SUPPLIED MATERIAL below:

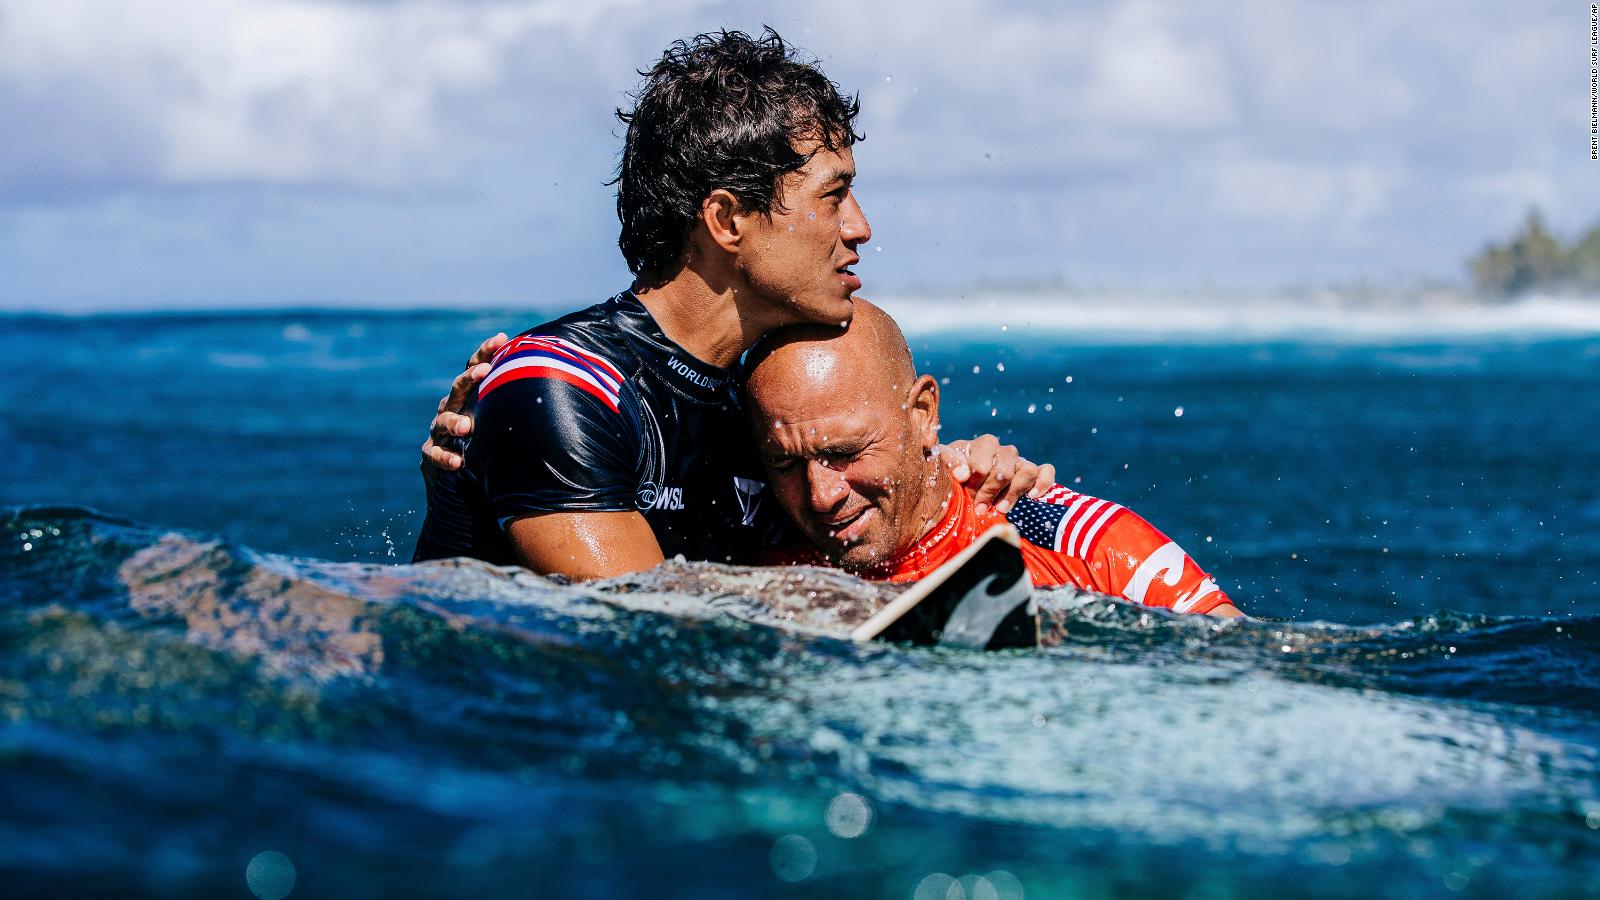 Kelly Slater Surfing great wins Billabong Pro Pipeline days before his
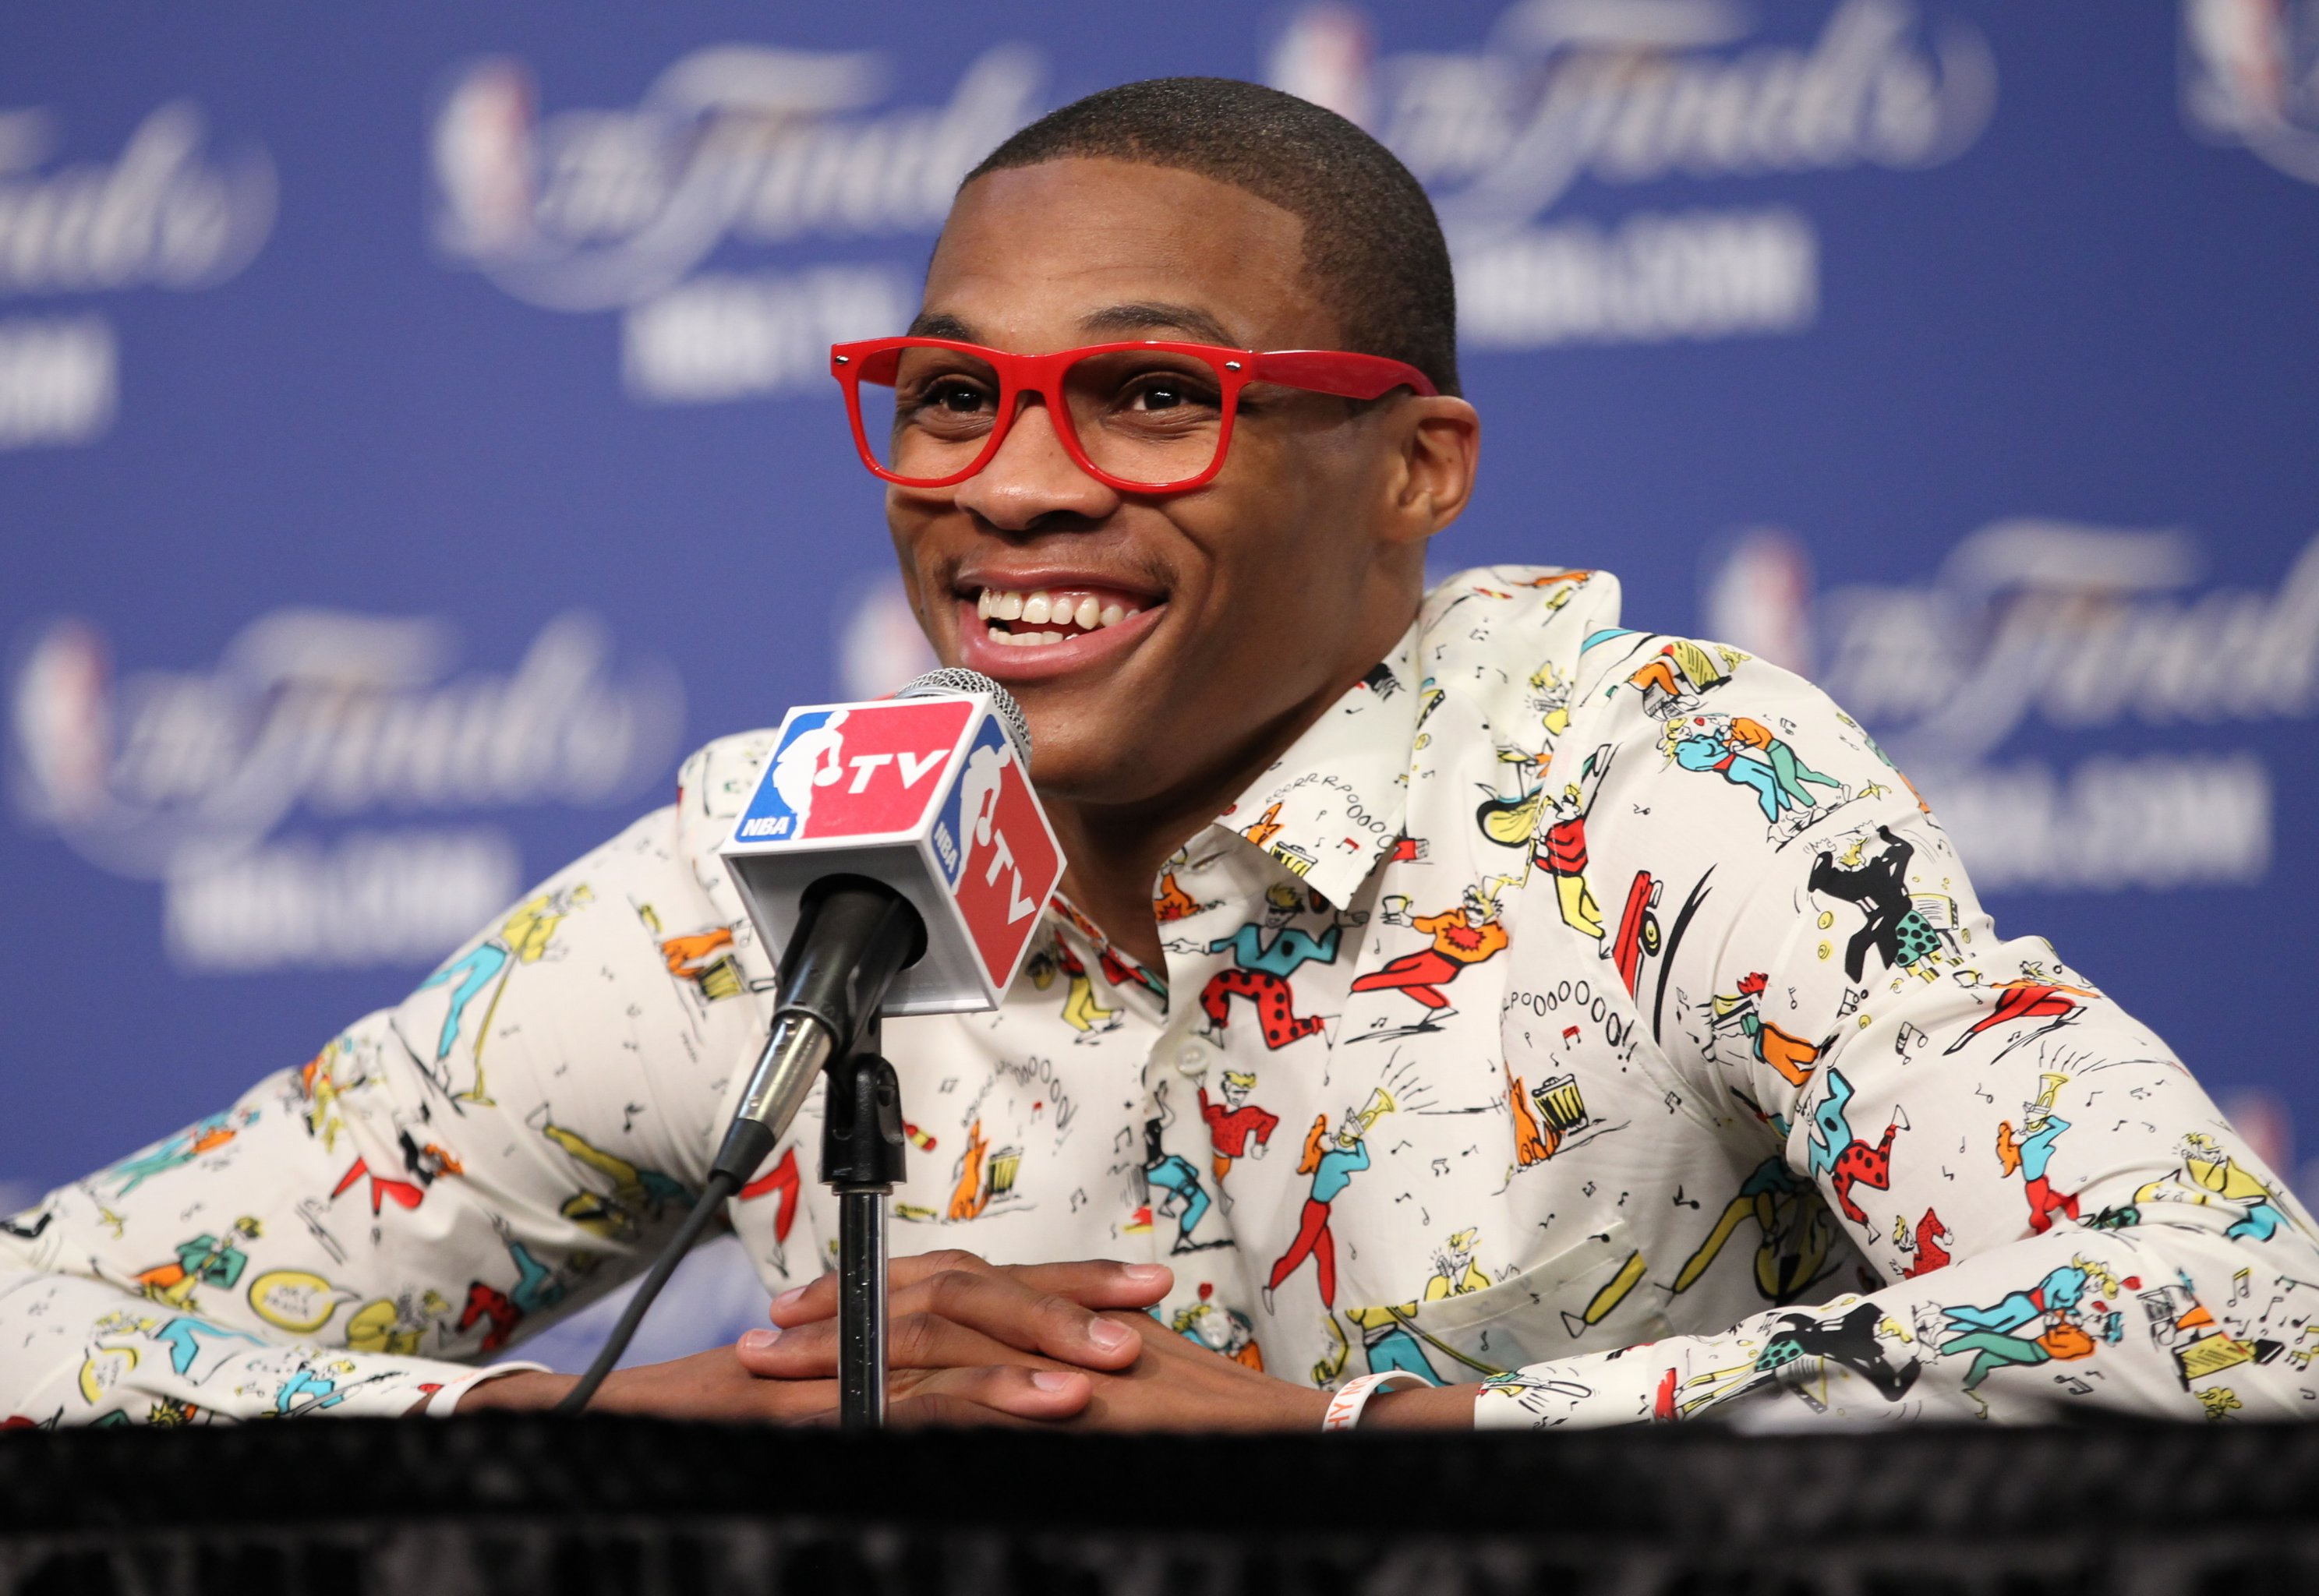 Fashion Fast Break: The Best And Worst Dressed Players In The NBA
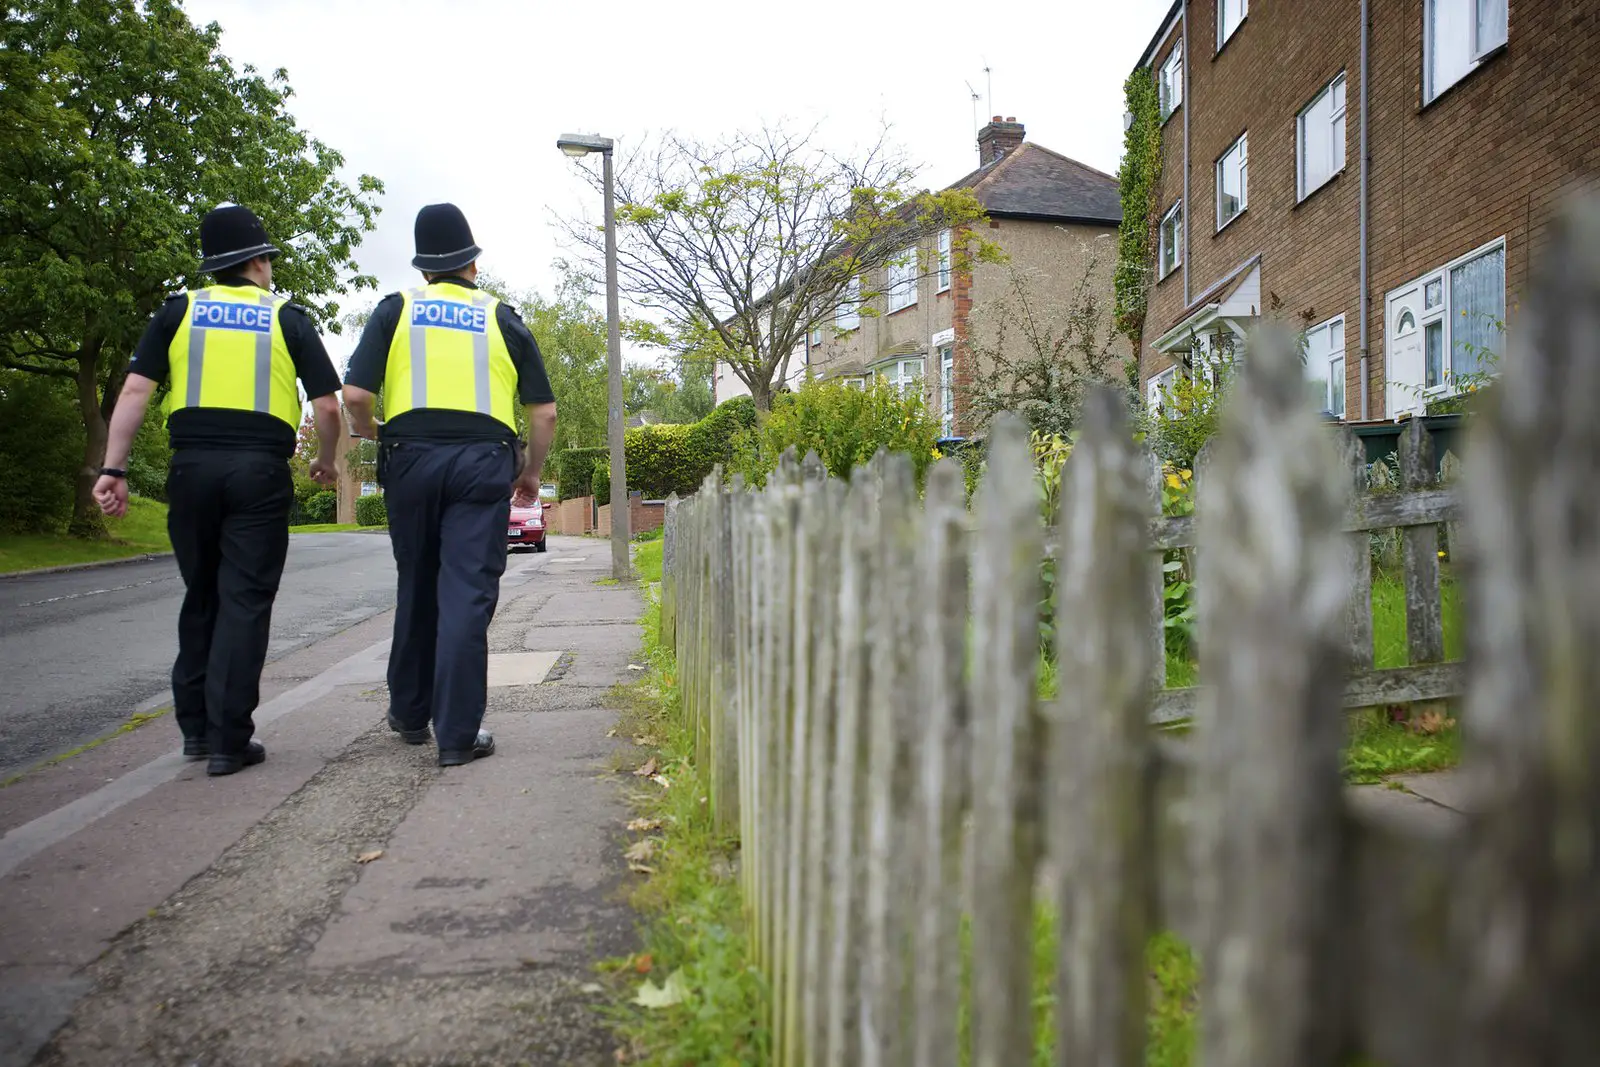 Special Constables walking down a residential street

End of SUPPLIED MATERIAL.

◆ PROBLEM REQUIREMENTS:
Please restate exactly the lines from the one containing "Fashion Fast Break: The" down to the end of the material, both ends kept, and do not include the pictures.

◆ COMPLETED TASK:
 Fashion Fast Break: The Best And Worst Dressed Players In The NBA
 Special Constables walking down a residential street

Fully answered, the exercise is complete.